With all the options out there, I was wondering what my fellow anglers prefer? Lead or tungsten bullet weights? Round or pencil drop shot weights? Favorite hooks, ect....


----------



## jake222 (Dec 26, 2014)

Tungsten is good for me and the tear drop/ pencil weights are pretty good on a drop shot rig. I like worm hooks a lot more than wide gaps I think it's easier to stick the fish.


----------



## Bassbme (Mar 11, 2012)

I like Tungsten weights for pretty much everything except for tube baits. I use lead weights on tube baits because their diameter more closely matches the diameter of a tube, and I think it helps them come through wood cover better. I actually think that at times, the small size of a Tungsten weight can make a bait hang up a little more easily in hard cover, but their smaller diameter in comparison to lead weights can make a big difference when you set the hook, so I use them.

Drop shot weights l like the tear drop shaped ones or round ones. But I usually lean towards the tear drop shaped ones.
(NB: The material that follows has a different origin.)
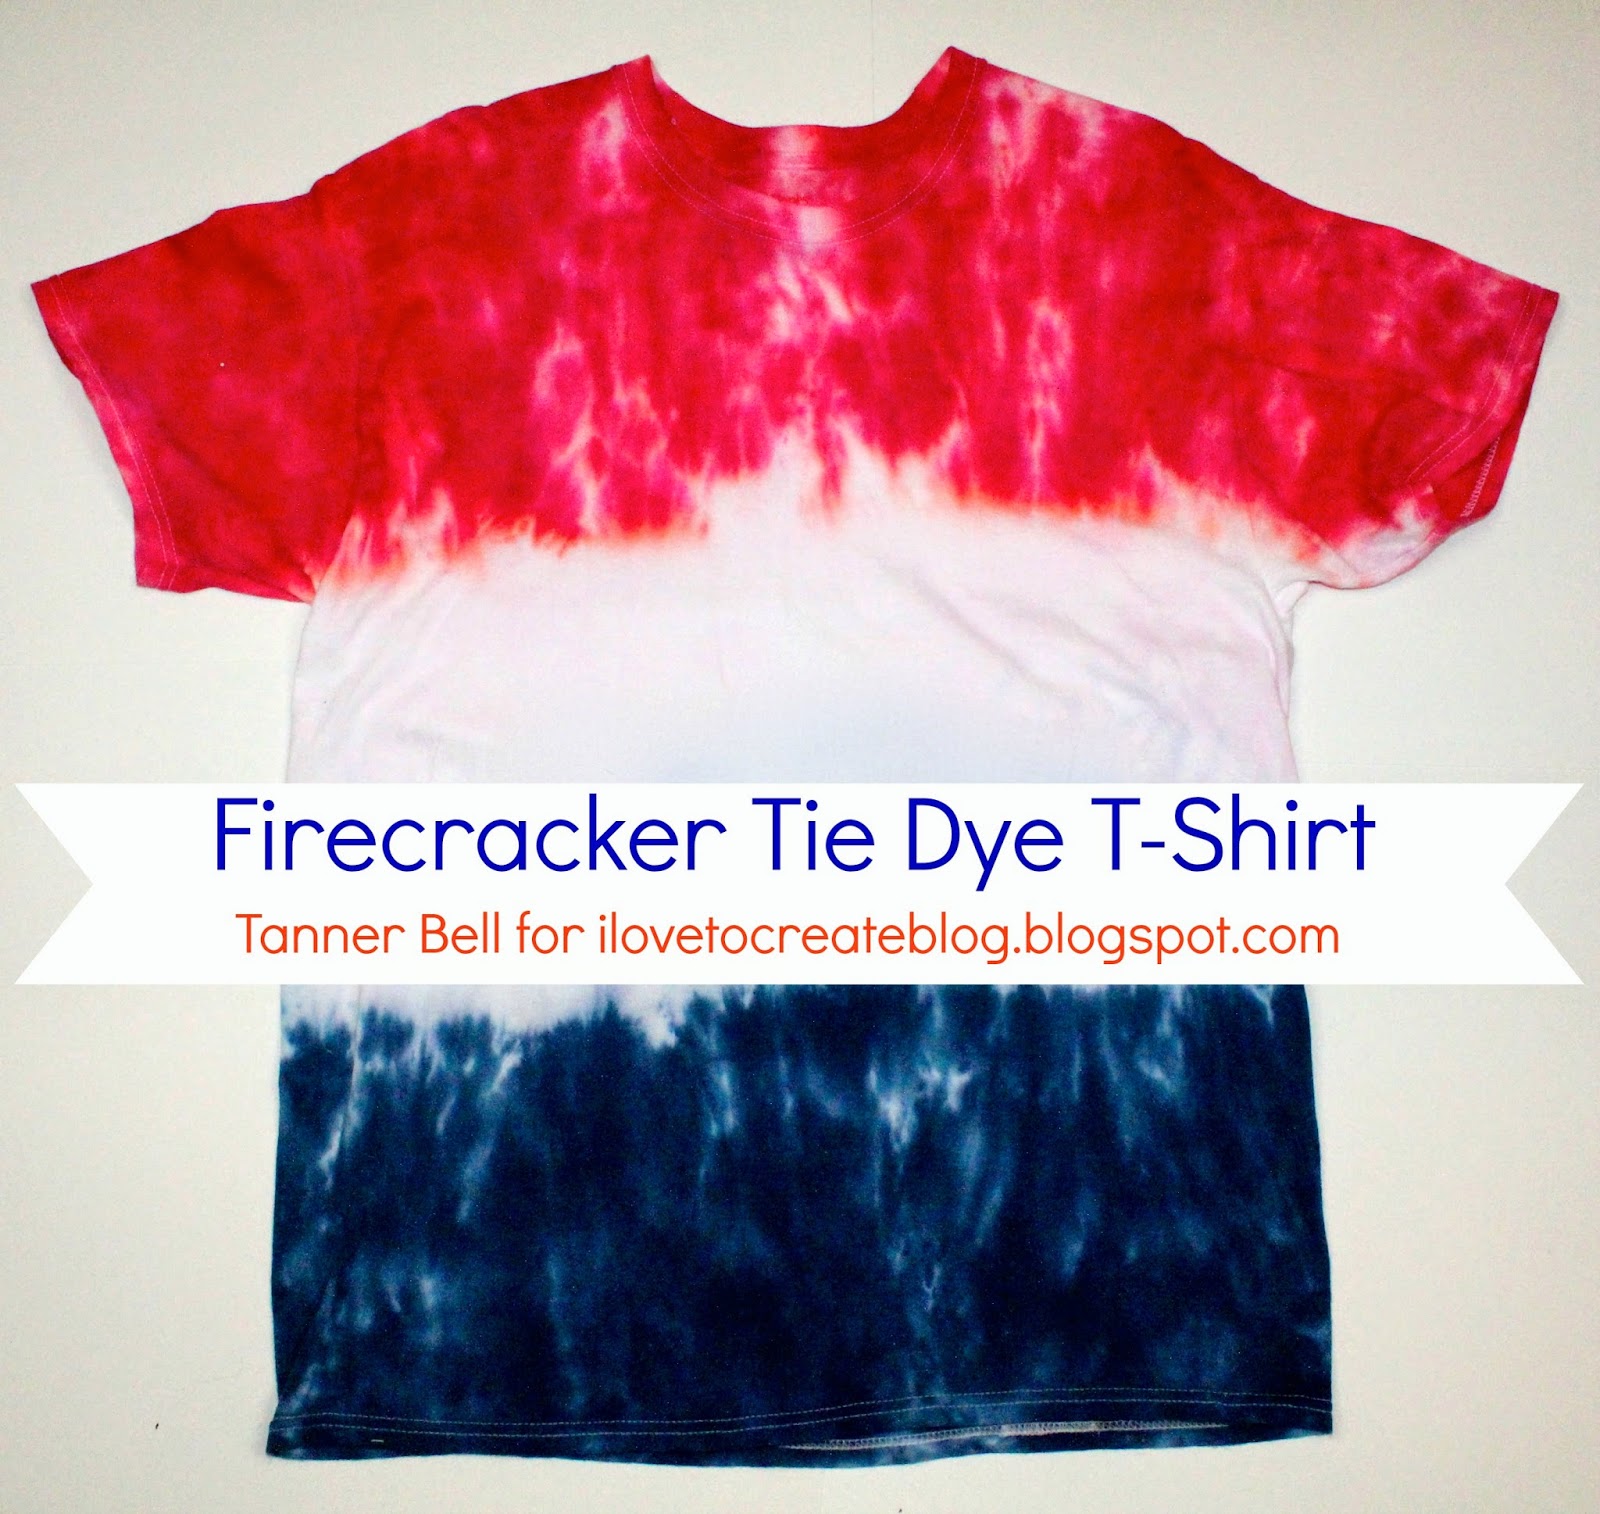 Firecracker tie dye shirt perfect to make during camping

As far as hooks go, I use Owner hooks for the majority of my baits. Either straight shank, or Wide Gap Plus. I use straight shank when Texas rigging Senko style baits, and Wide Gap Plus, which is an EWG style hook, for all other plastics except for tube baits. For tube baits I use Trokar TK190 tube hooks. My second choice for tube baits would be a Shaw Grigsby HP hook. But that would only be if I were skipping tubes under docks or other low to the water cover.
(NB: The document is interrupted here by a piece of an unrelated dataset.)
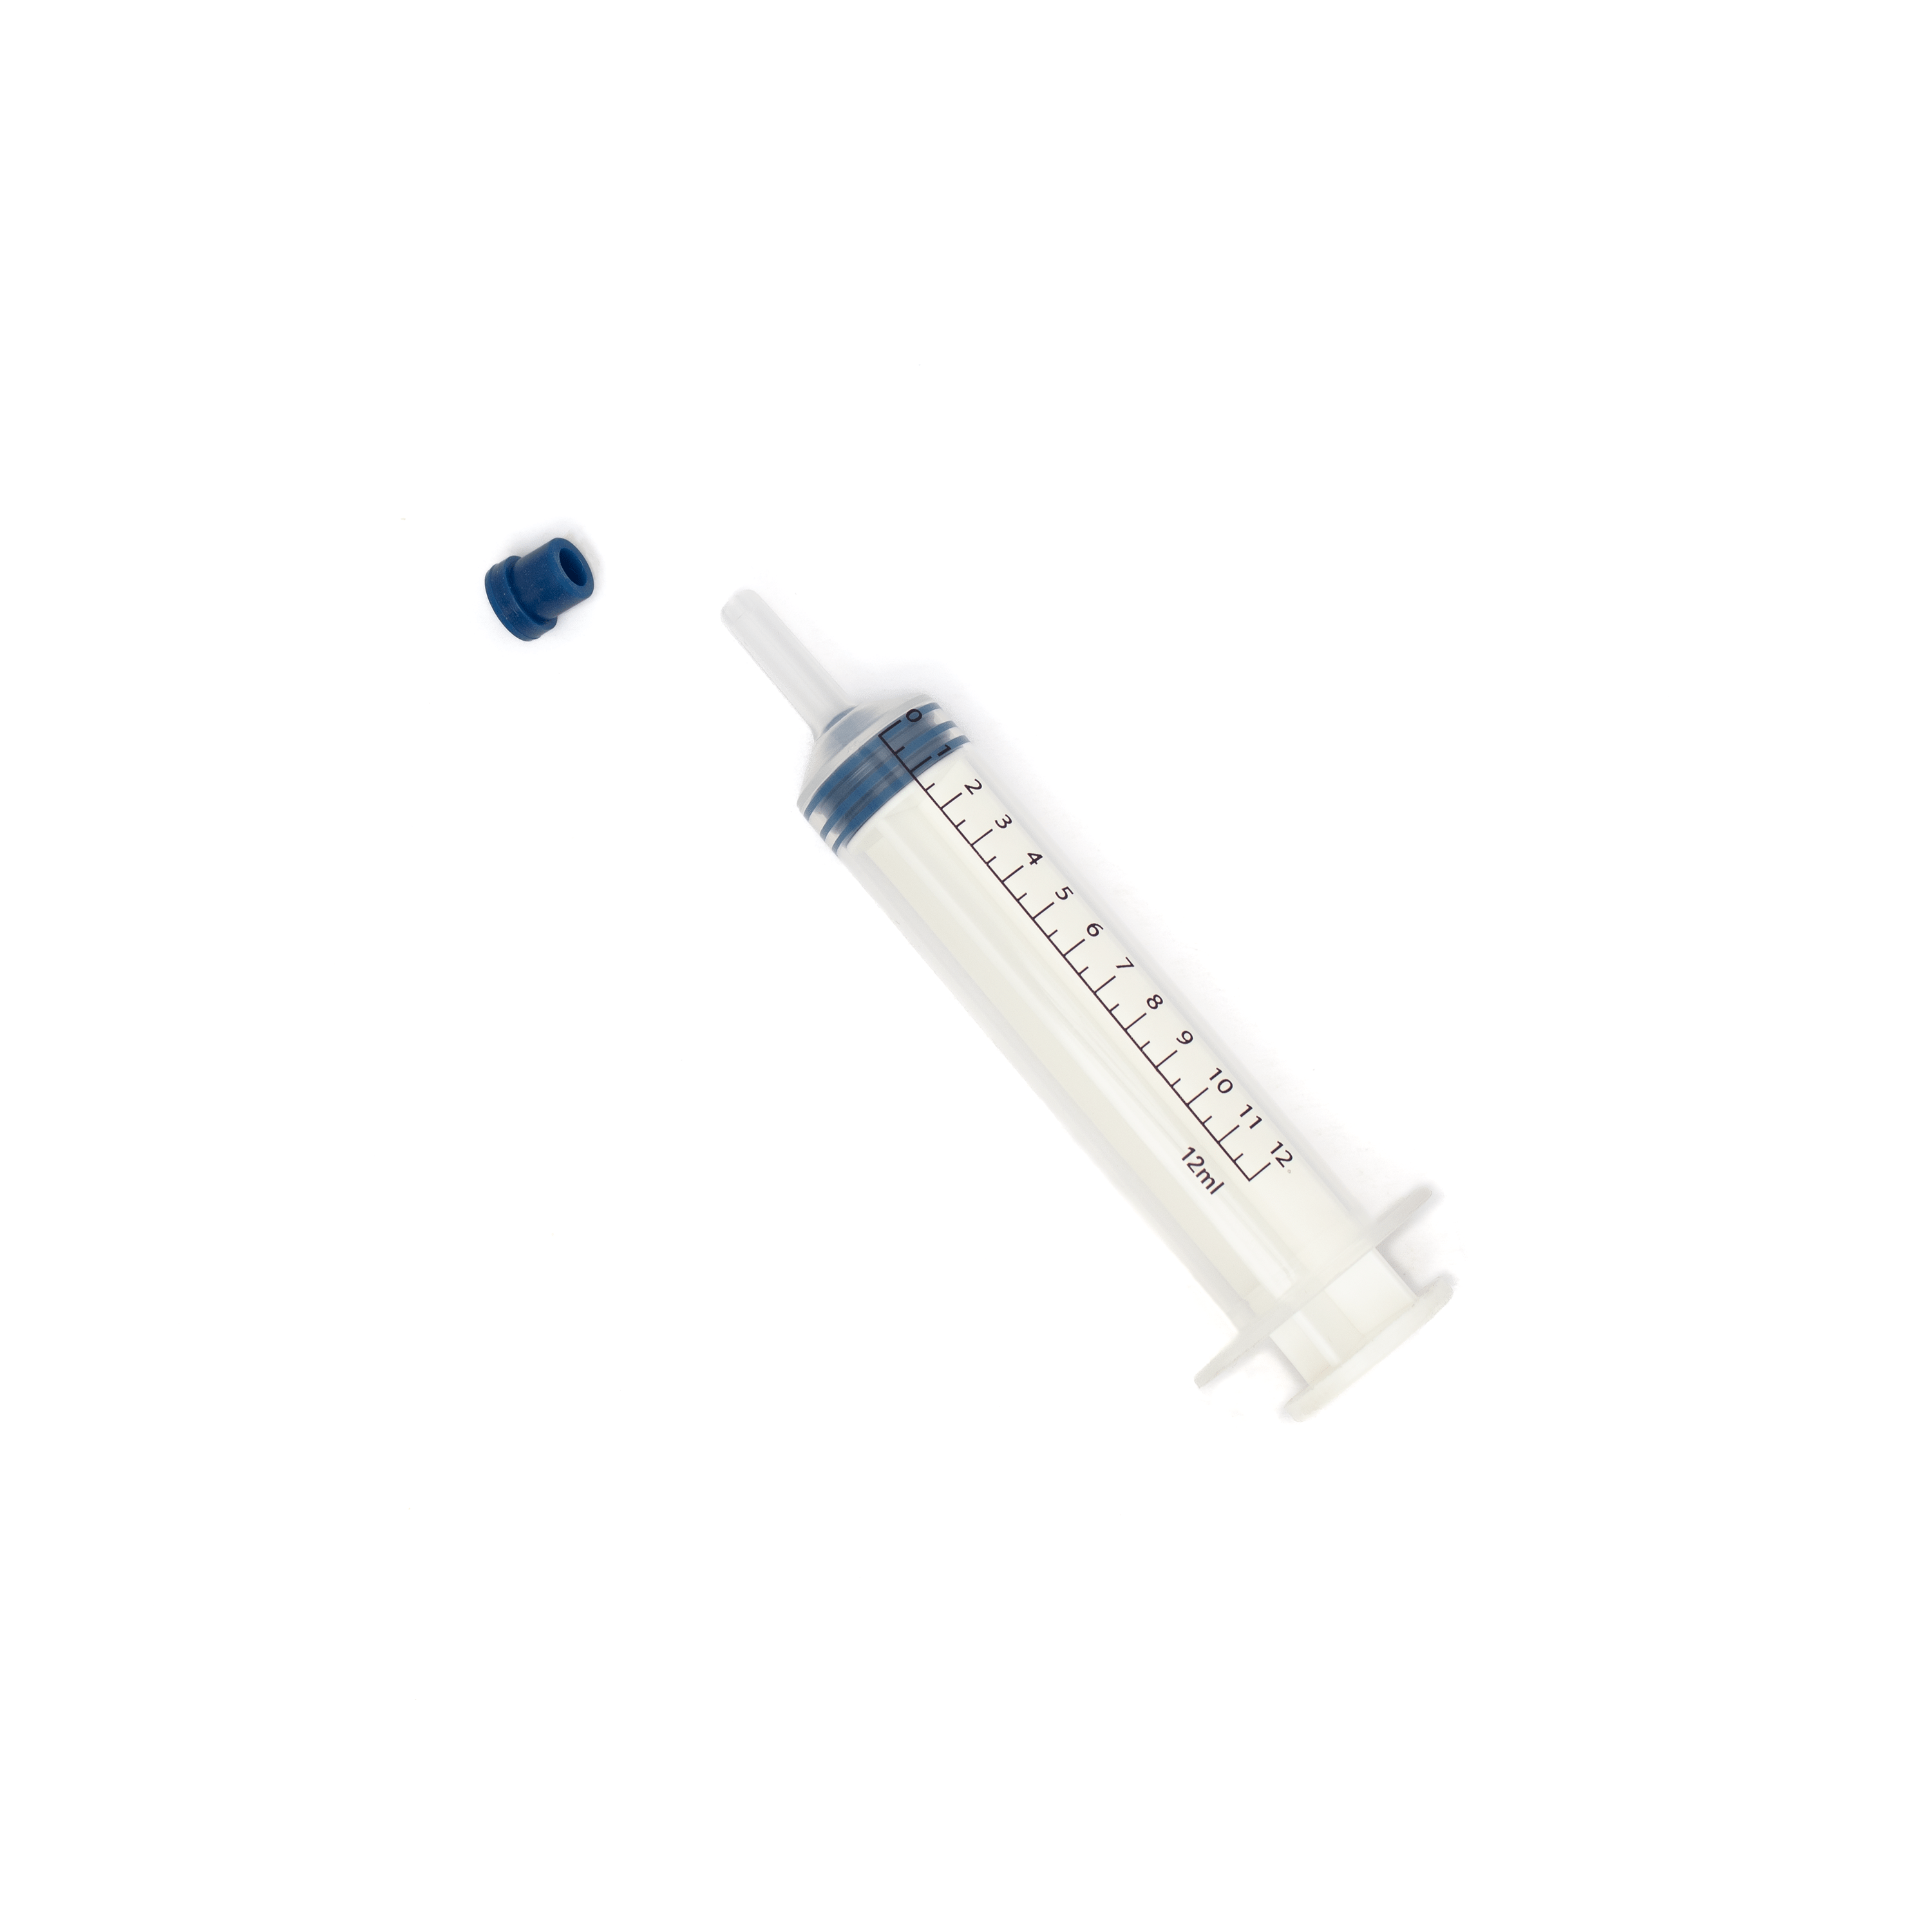 Top view of P-12ML-SYR-LL-C, a 12cc Luer Lock and Cap syringe with the cap off.

The Trokar TK190 is hands down the best tube bait hook on the planet.


----------



## NCbassattack (May 5, 2014)

Prefer lead, really. As for hooks, Gamakatsu wide gaps.


----------



## young-gun21 (Mar 14, 2006)

Tungsten weights (not even close). As far as hooks go, it's something that everyone has to figure out for themselves. I prefer straight shank hooks for flippin' and Trokar TK190 hooks for tubes. With worms, offset shank and extra wide gap hooks both have a place with different baits.


----------



## ducman491 (Oct 31, 2011)

I switched from Gamgatsu hooks to Trokar and to me the difference has been nothing short of outstanding. I typically use EWG hooks but their straight shank worm hooks are excellent too. So sharp they'll stick you just for saying their name and very strong.


----------



## jake222 (Dec 26, 2014)

I have never used a Trokar hook I heard they tare up your plastics. Is this true?


----------



## young-gun21 (Mar 14, 2006)

Not sure what that means....


----------



## JamesT (Jul 22, 2005)

I knew I should have picked up those Trokars that were marked from $6.96 to $2.50. Wally world at hilliard-rome/70 has about 10 packs of each 2/0 (5 packs)and 4/0 worm hooks(6 packs) as of 2 days ago. They look nice, I just rarely fish soft plastics(or at all lol).


----------



## Bassbme (Mar 11, 2012)

jake222 said:


> I have never used a Trokar hook I heard they tare up your plastics. Is this true?


To some extent, yes. The TK 190 tube hook is the Trokar hook I use the most, The keeper on it can be tough to get to come through the nose of the bait, and does make kind of a wide hole. It slides up the line pretty easily when you have a fish on, as a result. But you just have to slide it back down and the keeper will keep it from sliding down the shank of the hook. 

The cutting edge that runs down the middle of the point will also cut through the plastic on the tube when you Texpose it, which is how you should be rigging a tube. But honestly, worrying about going through baits quicker would be ..... to put it nicely ...... silly. 

I will say this. As I said earlier I use Owner hooks for pretty much everything. I use the Owner Beast for bigger hollow bodied swimbaits. I figured the Trokar would be the deal for those types of swimbaits. The problem with the Trokar though, is what I mentioned earlier. The cutting edge on top of the point is so sharp, it cuts through the plastic when you Texpose it. And it won't stay in the back of the bait. It's much easier to keep the bait weedless with say an Owner Beast, versus the Trokar Mag swimbait hook. 

But the Trokar's penetrate so much easier than any other factory hook, it's not even funny.


----------



## Bassbme (Mar 11, 2012)

JamesT said:


> I just rarely fish soft plastics(or at all lol).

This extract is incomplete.